The Usedom Island Nature Park (Naturpark Insel Usedom) comprises the German part of the island of Usedom in the district of Vorpommern-Greifswald in the state of Mecklenburg-Vorpommern, Germany. In addition to the island itself, the park covers the waterbody between the island and the mainland as well as small strips of mainland in the northwest and west near the seaside resorts of Lubmin and the town of Lassan.

Even in East German days several parts of Usedom had been declared nature reserves, and they were gradually expanded. It was designated a protected area in 1966 and, in 1993, expanded to the area of the present-day nature park.

In December 1999 the entire region was officially designated a nature park in the sense of being a large-scale cultural landscape. An information centre, the Ruth and Klaus Bahlsen House, with exhibition rooms, maps and leaflets, is located in the historic station building on the Bäderstraße from Usedom. The building was promoted as part of an INTERREG project and completed in 2005.
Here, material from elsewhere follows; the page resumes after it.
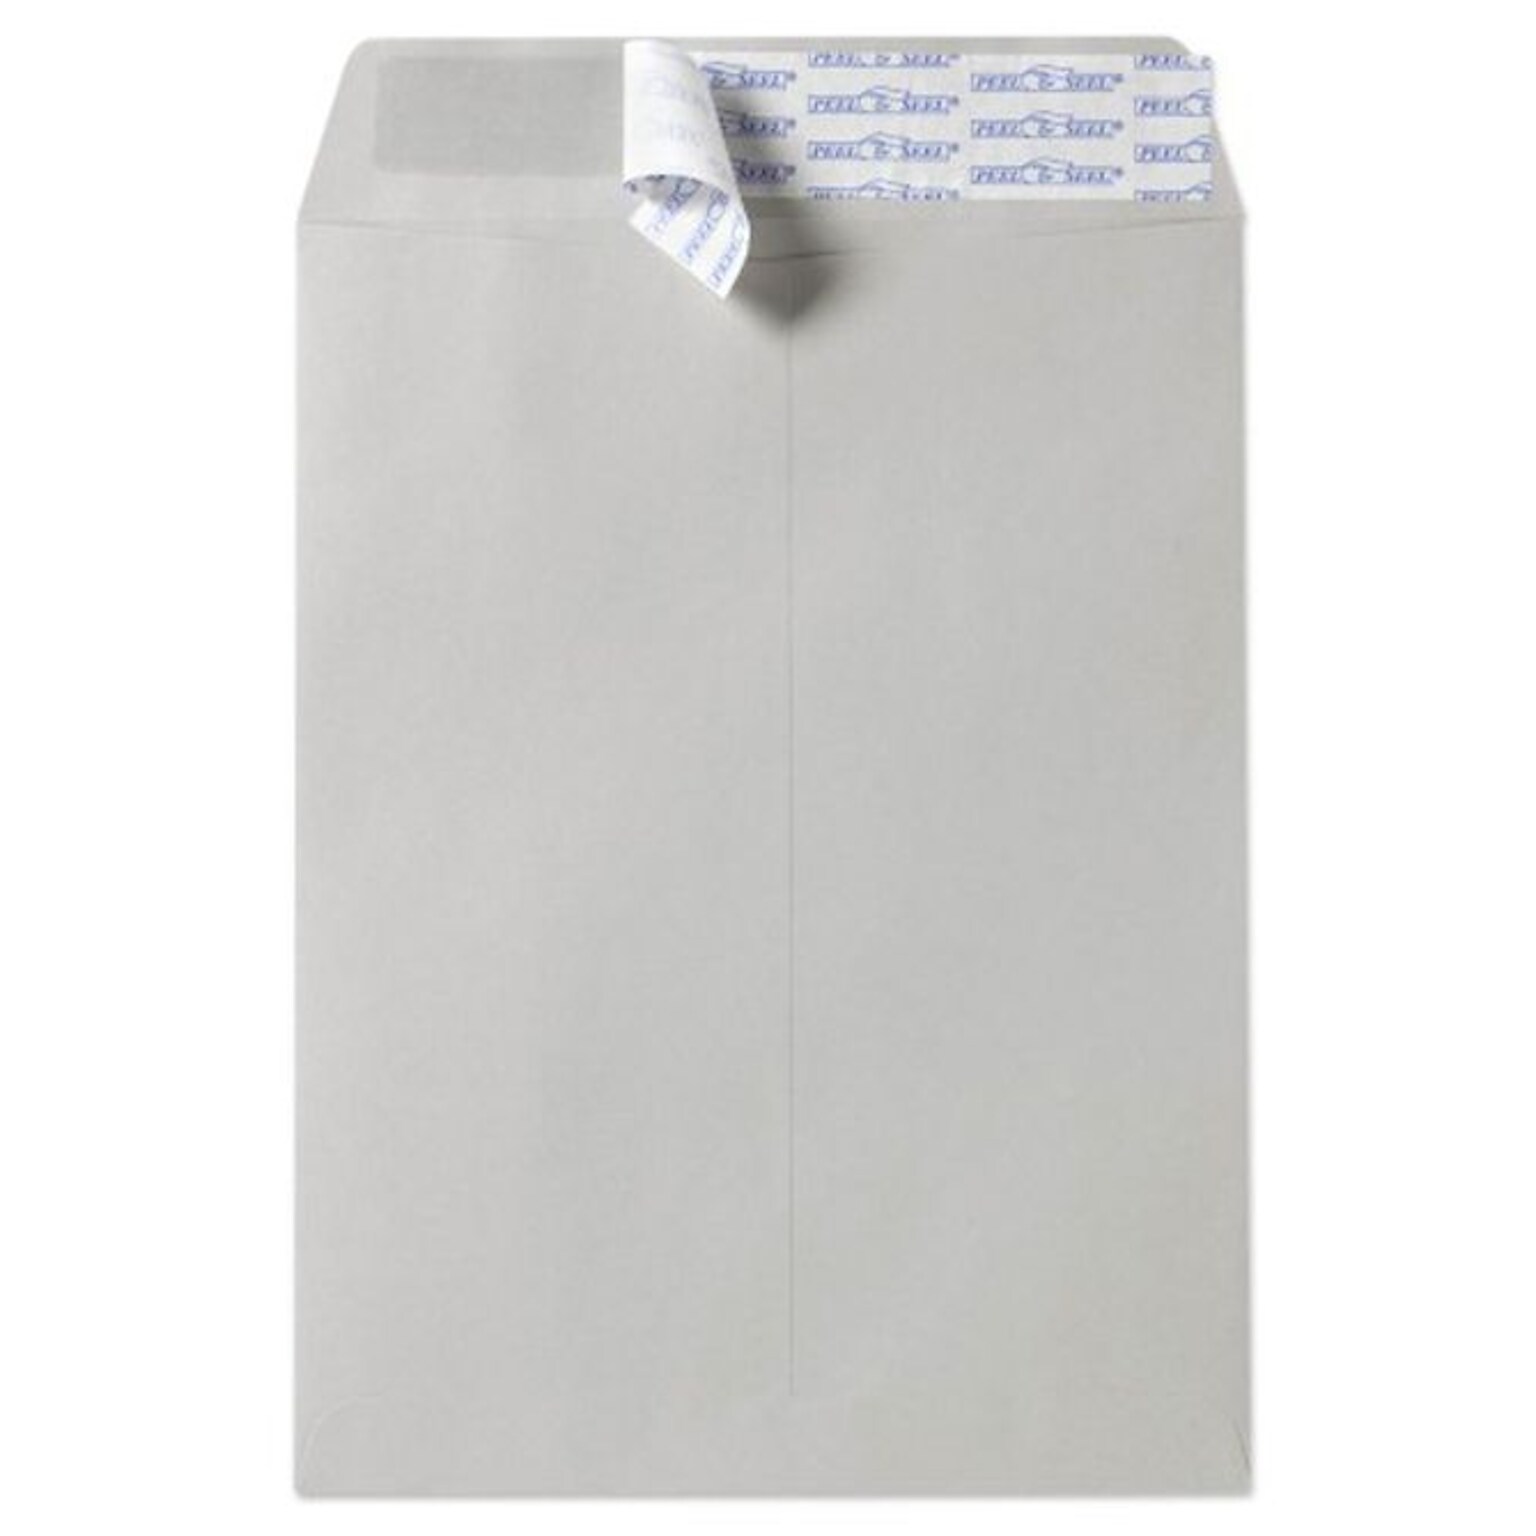 LUX® 12 x 15 1/2 Open End Envelopes With Peel & Seal, Gray Kraft, 50/Pack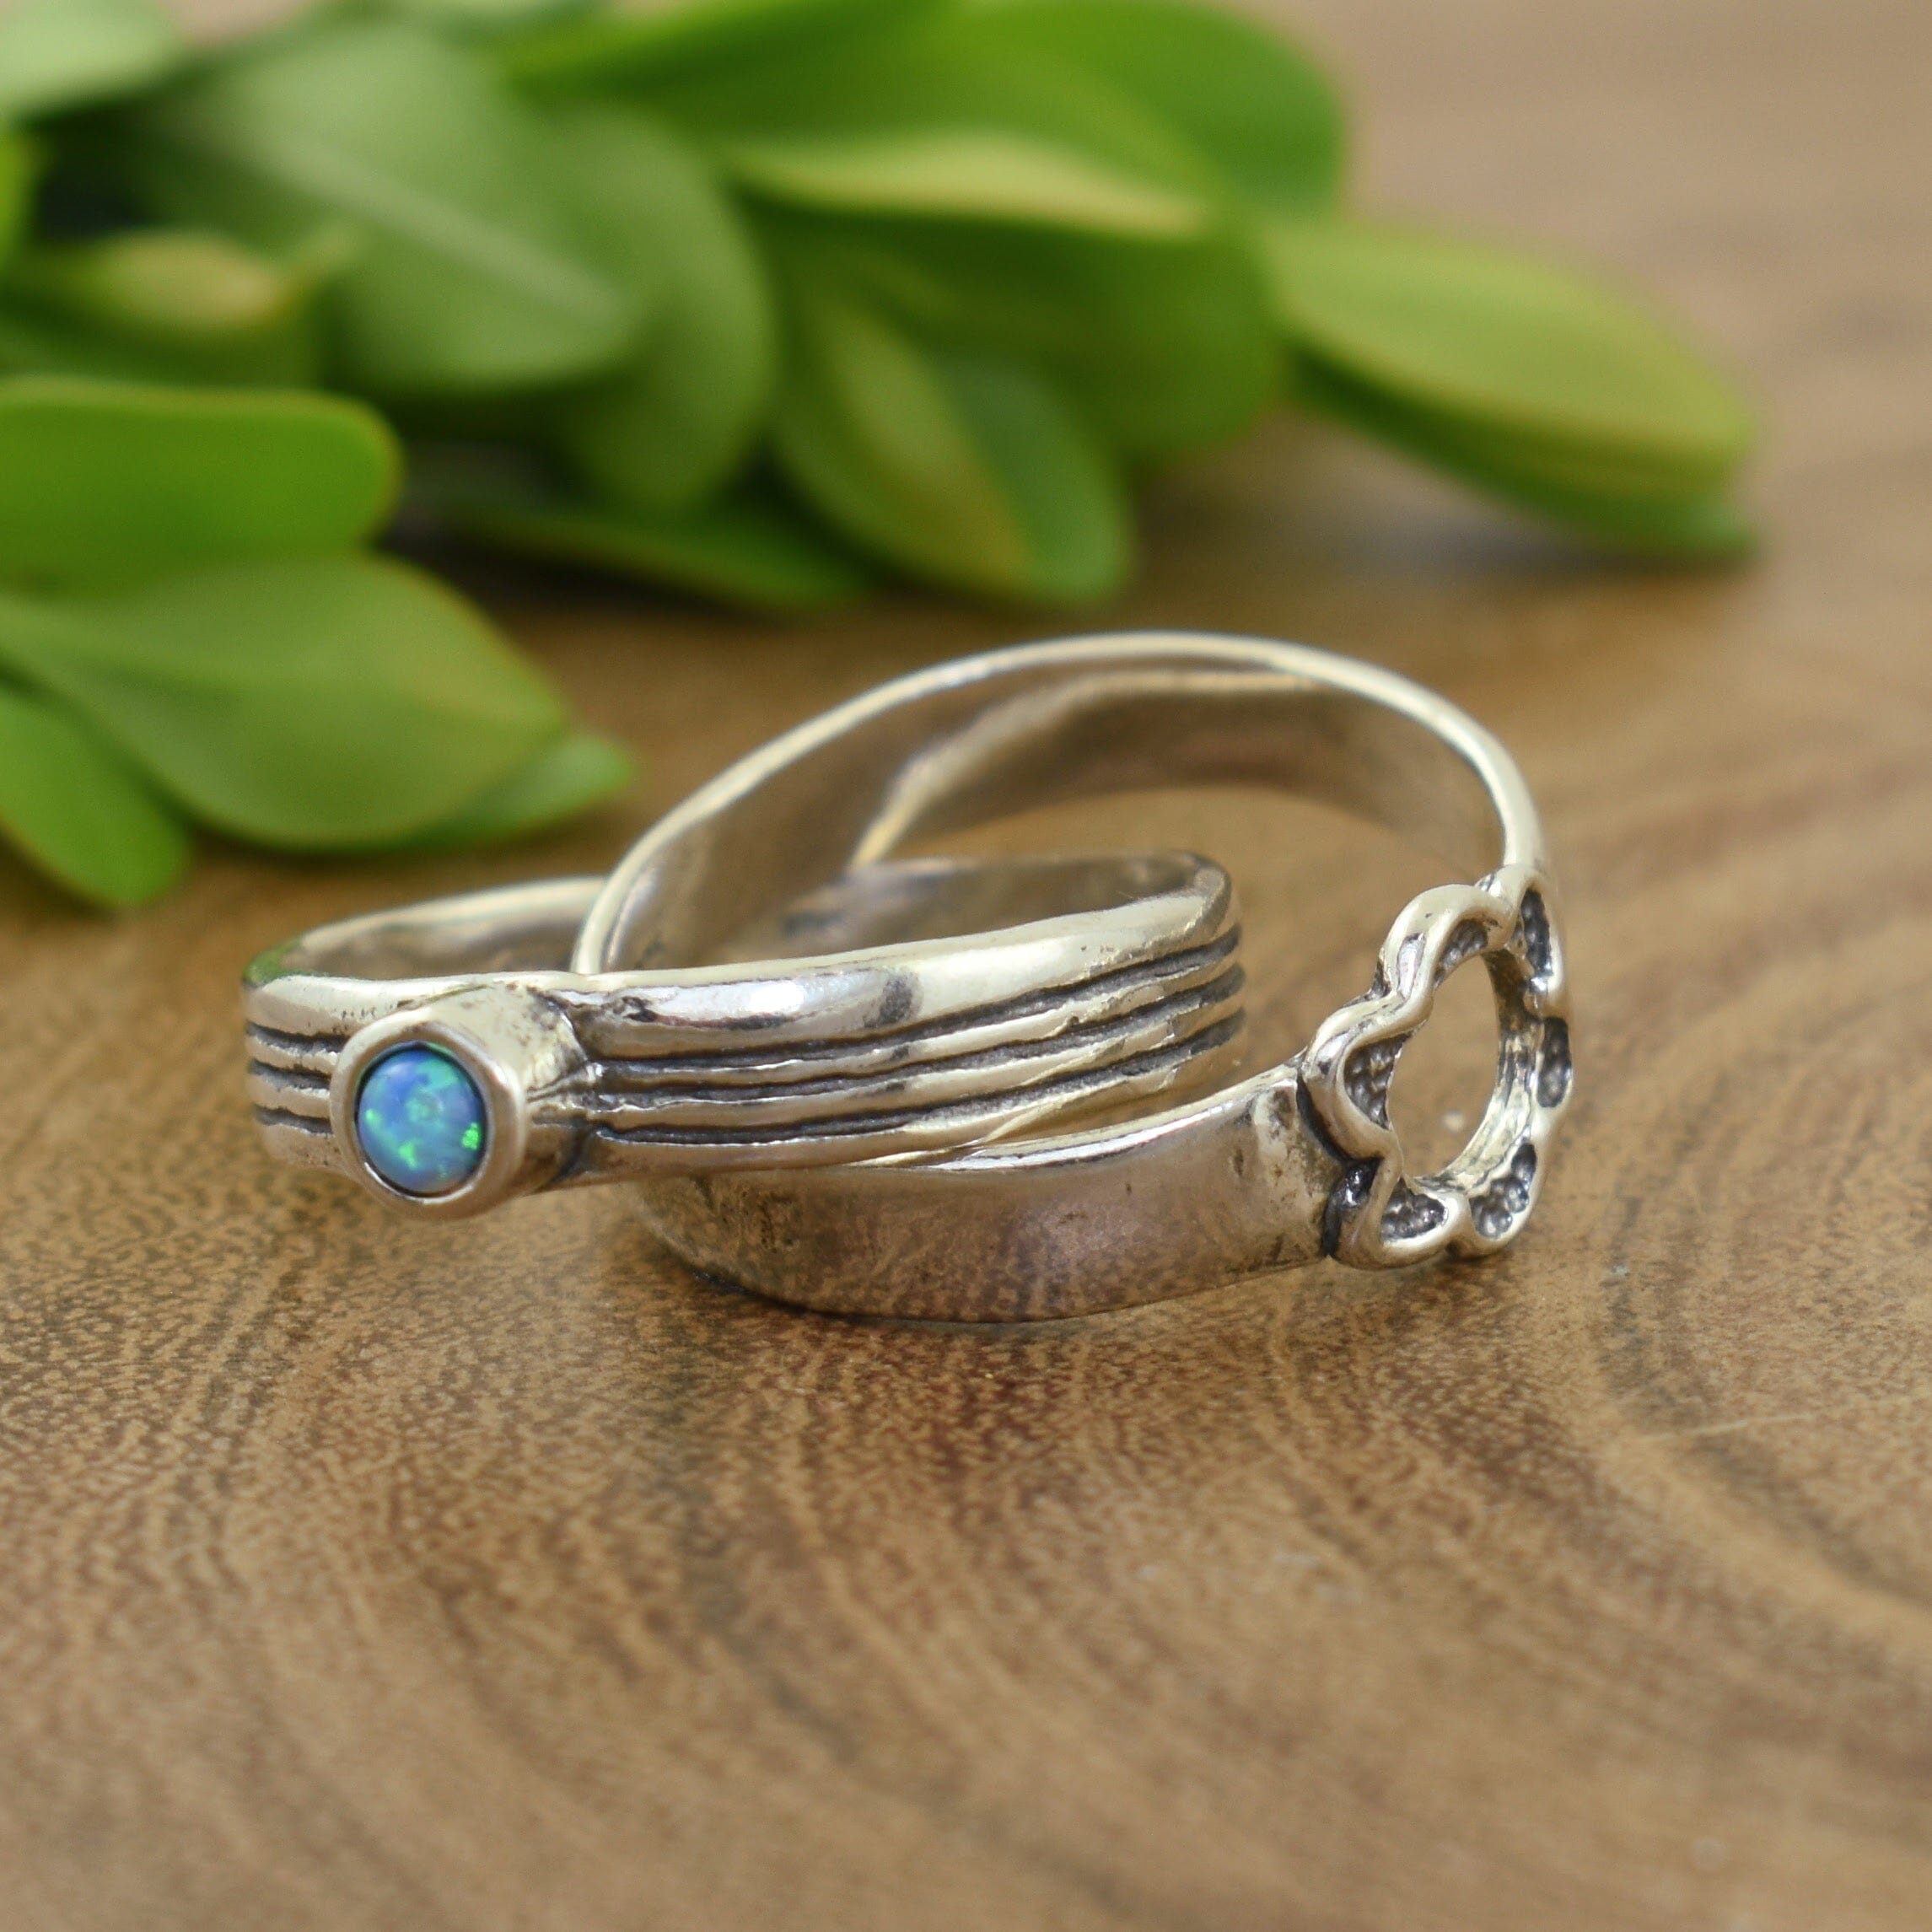 Sterling silver flower ring with reconstructed opal stone

The park is bounded by the Baltic Sea on the Bay of Greifswald (Greifswalder Bodden), the Peenestrom river, the Achterwasser lagoon and the Oder Lagoon (Stettiner Haff). The total area of the park is 632 sqkm. Roughly 30% of this area is covered by forest, about 50% by lakes and the bay, 15% is moorland and the remaining area is a cultural landscape. A special feature of the nature park is the great diversity of landscapes within a small area. These include beach and littoral, lakes and marshes, dunes, pine and beech forests mixed with small villages and fields. The island of Usedom is one of the richest bird areas in Germany. Osprey, white stork, crane and heron all breed in the nature reserve. The eutrophic and shallow lakes, such as the Gothensee and Schmollensee are ideal for bird roosting and nesting sites. The park is easily accessed on the B110 from Anklam or the B 111 from Wolgast or by rail on the Usedomer Bäderbahn. At the edge of the park is the municipality of Heringsdorf with its villages of Ahlbeck, Heringsdorf and Bansin.